Mia Zimmerman, a former PTA president at Piney Point Elementary School whose three children attend St. Mary's public schools, said the program is crucial to children's development.
"It was so sad when they got rid of it because it brought so much to the children," Zimmerman said. "It's information they're not able to get anywhere else, and if you teach them at an early age, they'll soak it in."
Zimmerman said she was elated to learn that voting for Cameron would mean the return of the DARE program.
"I think that'll help him win over parents, definitely," she said.
Cameron said it is clear to him that the community wants officers in schools teaching kids about drugs. Hanson, the professor emeritus, said Cameron is probably correct, adding that it would be unfortunate if Zylak lost his job based on a decision that scientific research rejects.

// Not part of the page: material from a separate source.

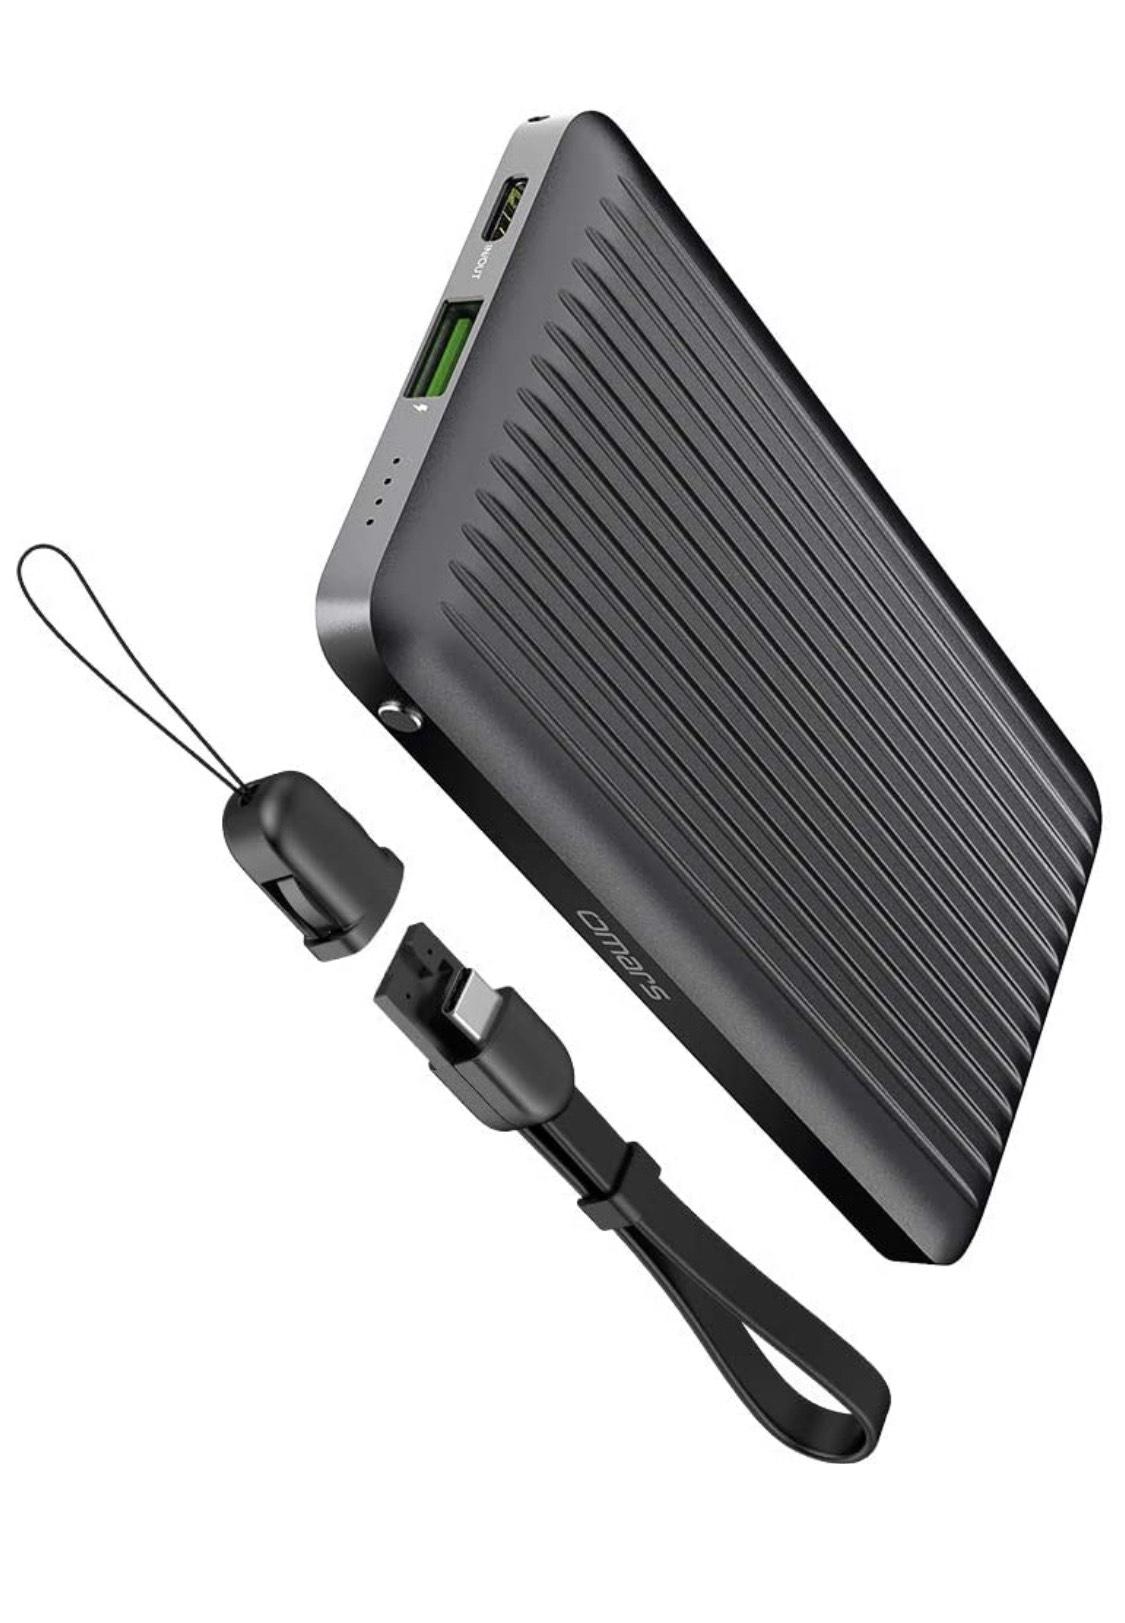 Batería externa 10.000 mAh carga rápida con cable USB A y USB-C

"Students love DARE, parents love it, and I've never met a school principal who didn't love it," he said. "Everybody thinks it's tremendously effective except the researchers who actually study it."
Bailey, who has retired from the sheriff's office and now teaches criminal justice courses at a local high school, countered that scientific evidence is unable to quantify a program's benefit to a community.
"It was the type of job where you felt like you could make a difference," he said. "On patrol you lock the same people up over and over again. DARE was one of those rare things that was proactive instead of reactive."